* THE PROBLEM *
Where an image appears, leave it out; otherwise repeat the data exactly.

* INFORMATION SHOWN *

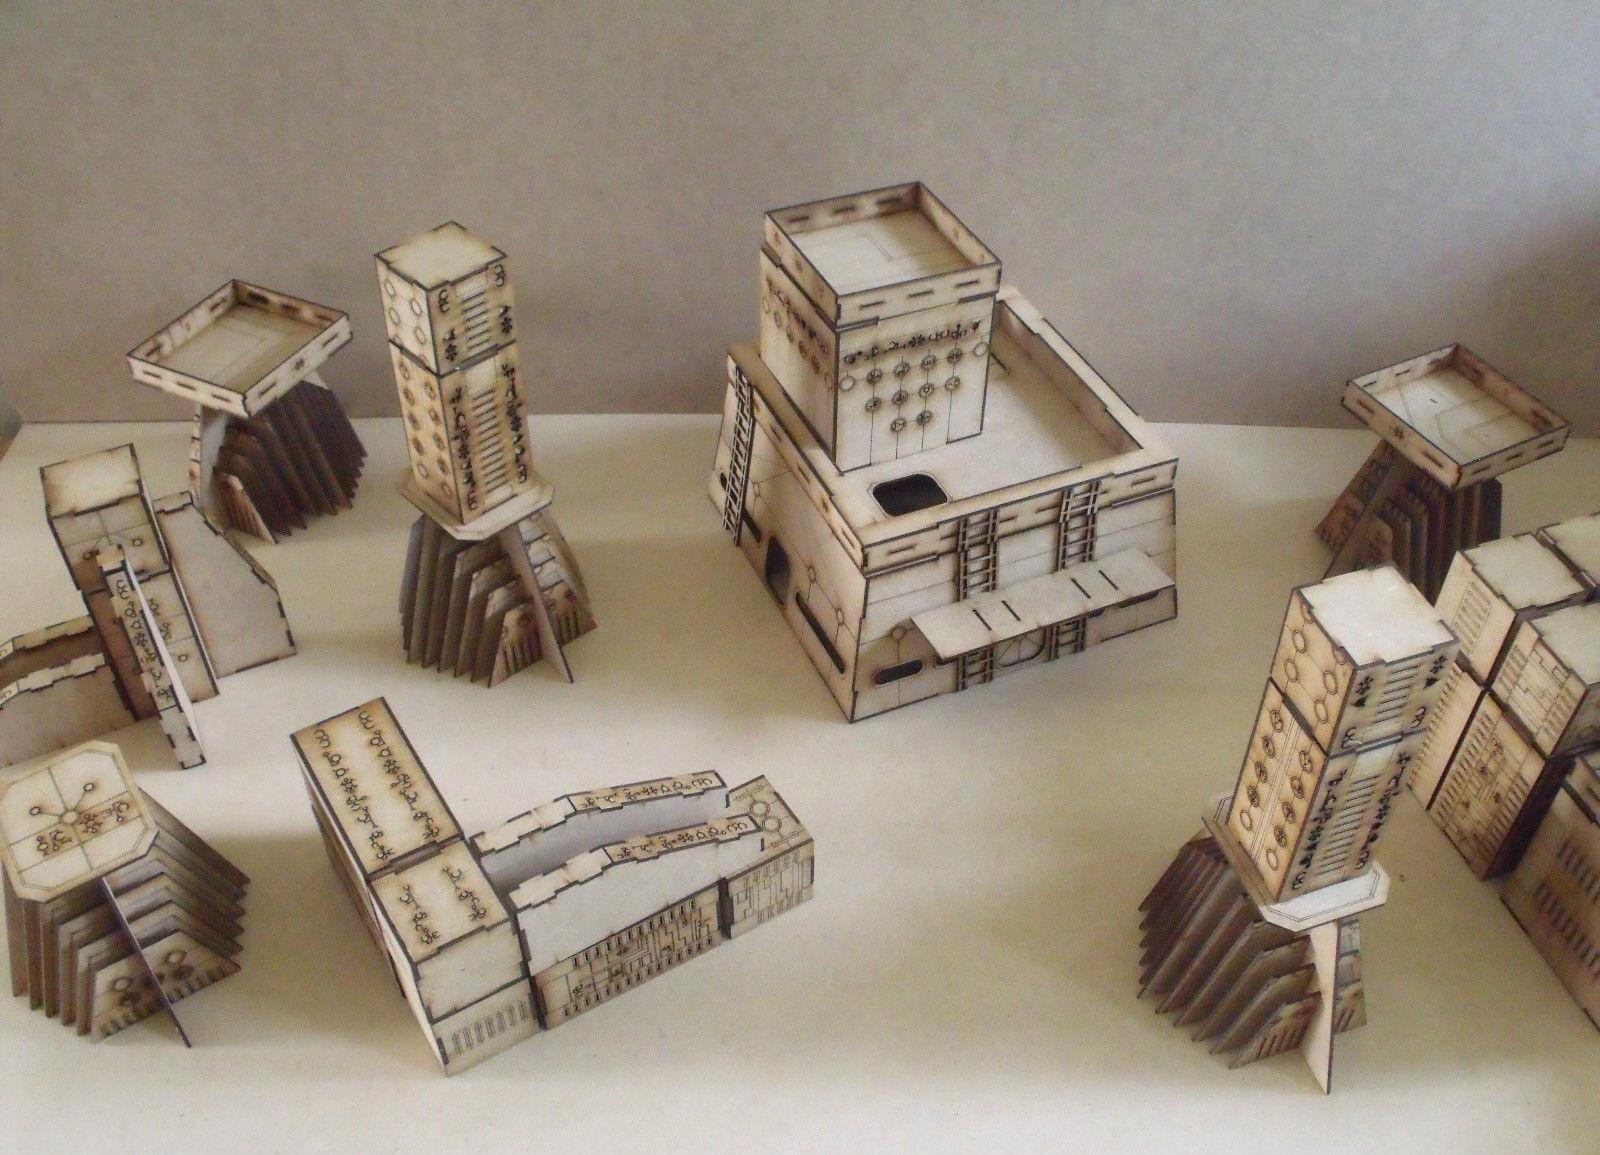 Product Review: Wargame Model Mods Laser Cut Terrain | Talk
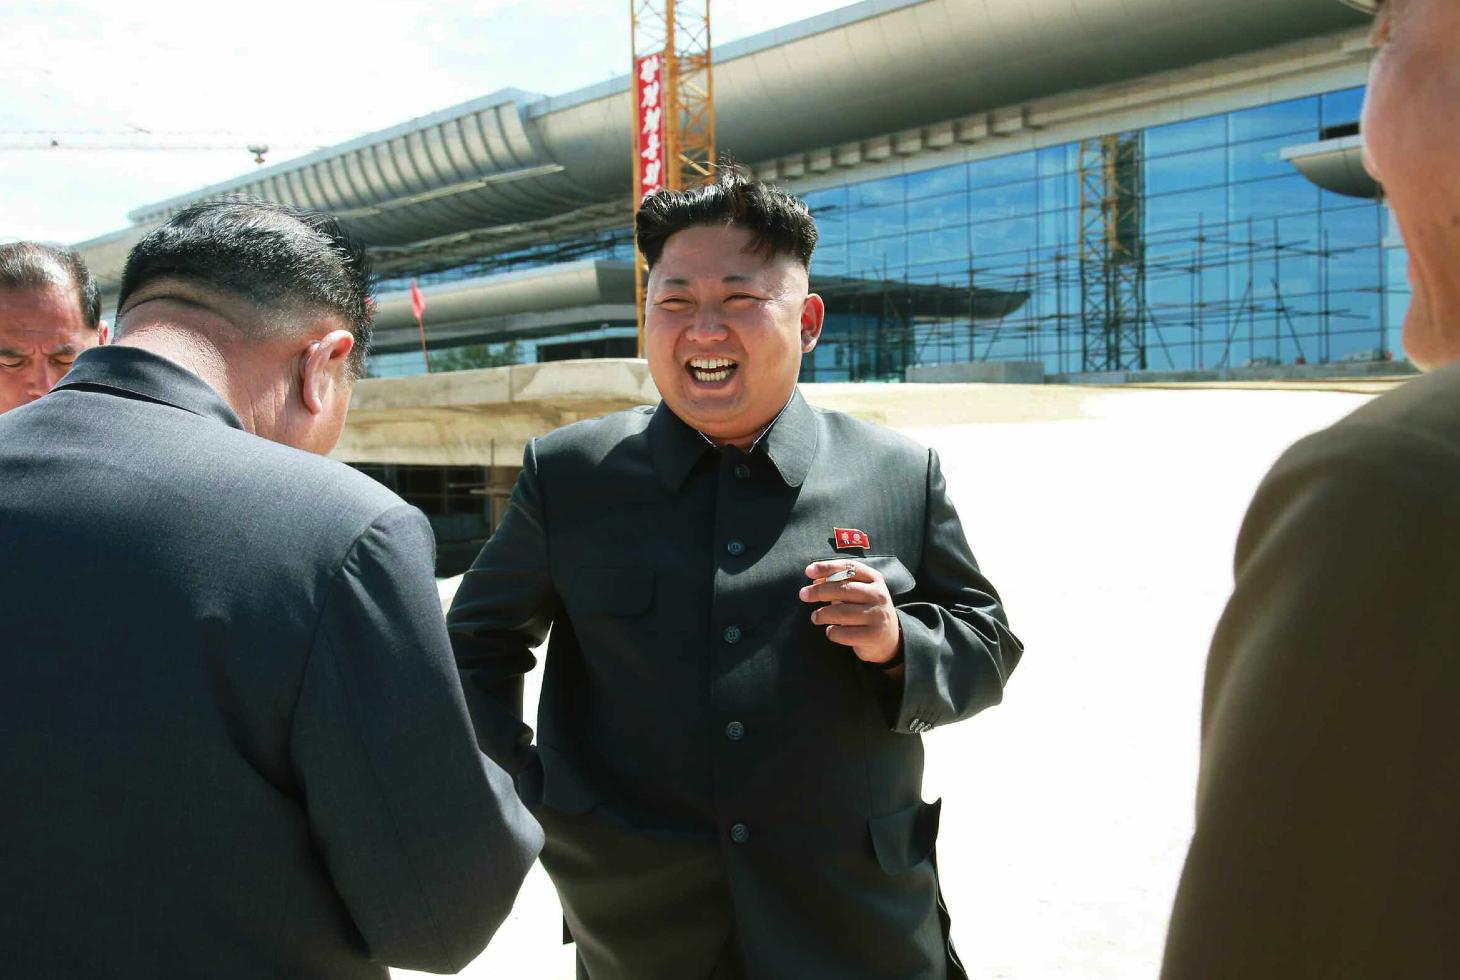 Kim Jong Un smokes a cigarette during his visit to the construction of a terminal at Pyongyang Airport (Photo: Rodong Sinmun).
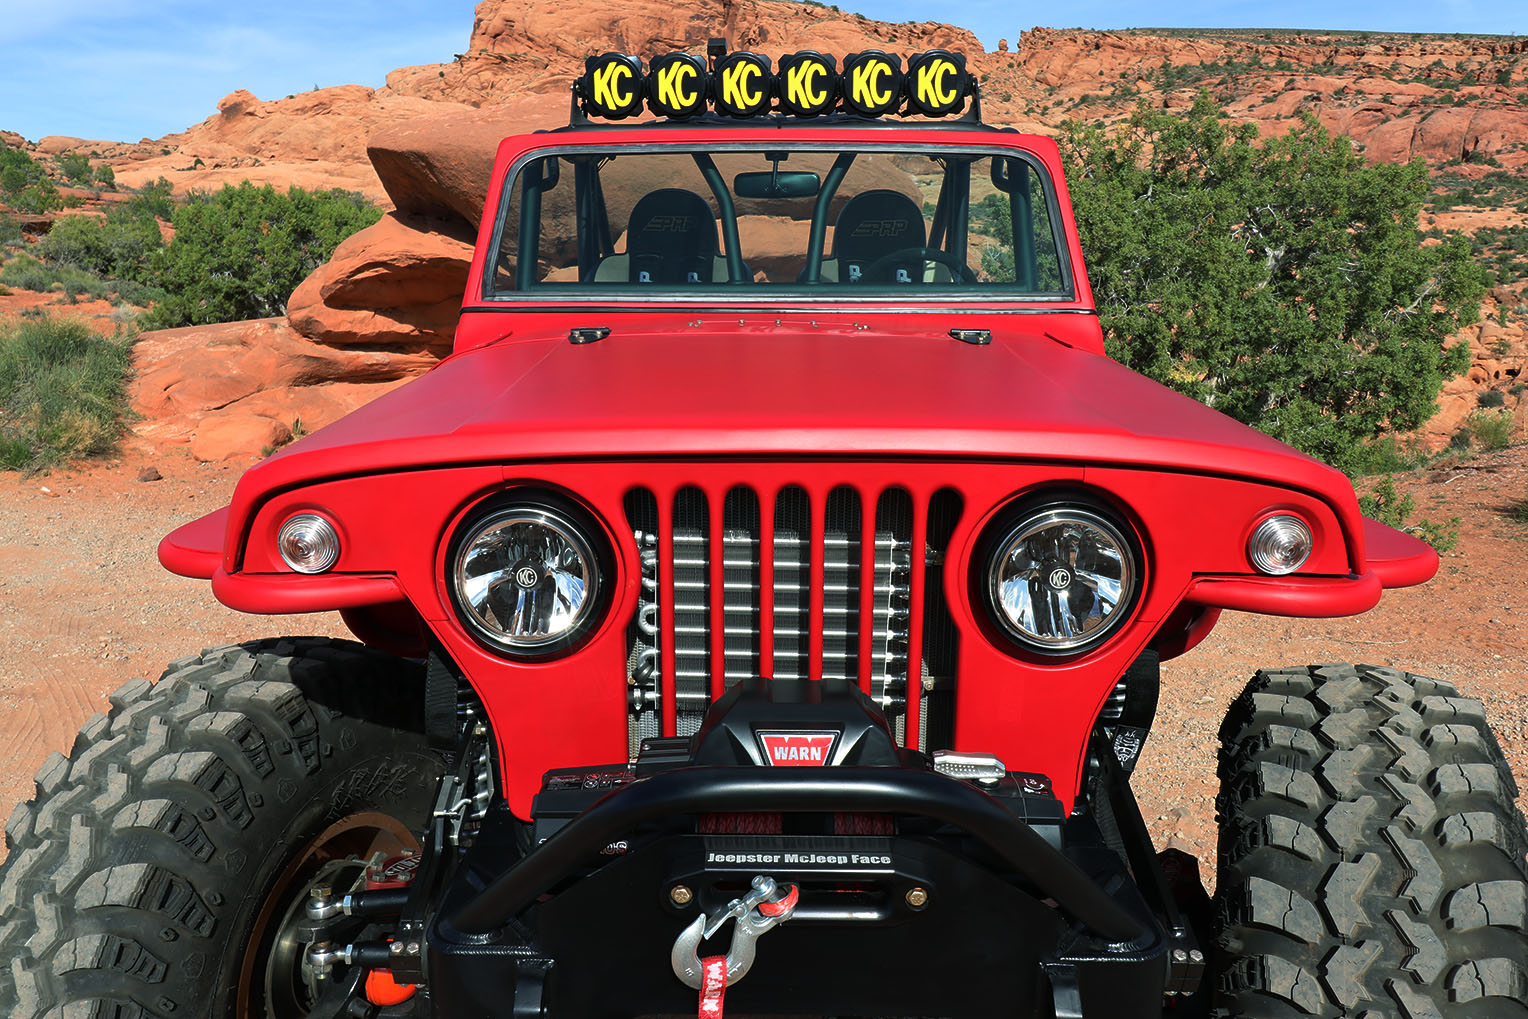 Custom Reconditioned 1973 Jeep Commando Build - Image #01

* ANSWER TO THIS TASK *
 Product Review: Wargame Model Mods Laser Cut Terrain | Talk
 Kim Jong Un smokes a cigarette during his visit to the construction of a terminal at Pyongyang Airport (Photo: Rodong Sinmun).
 Custom Reconditioned 1973 Jeep Commando Build - Image #01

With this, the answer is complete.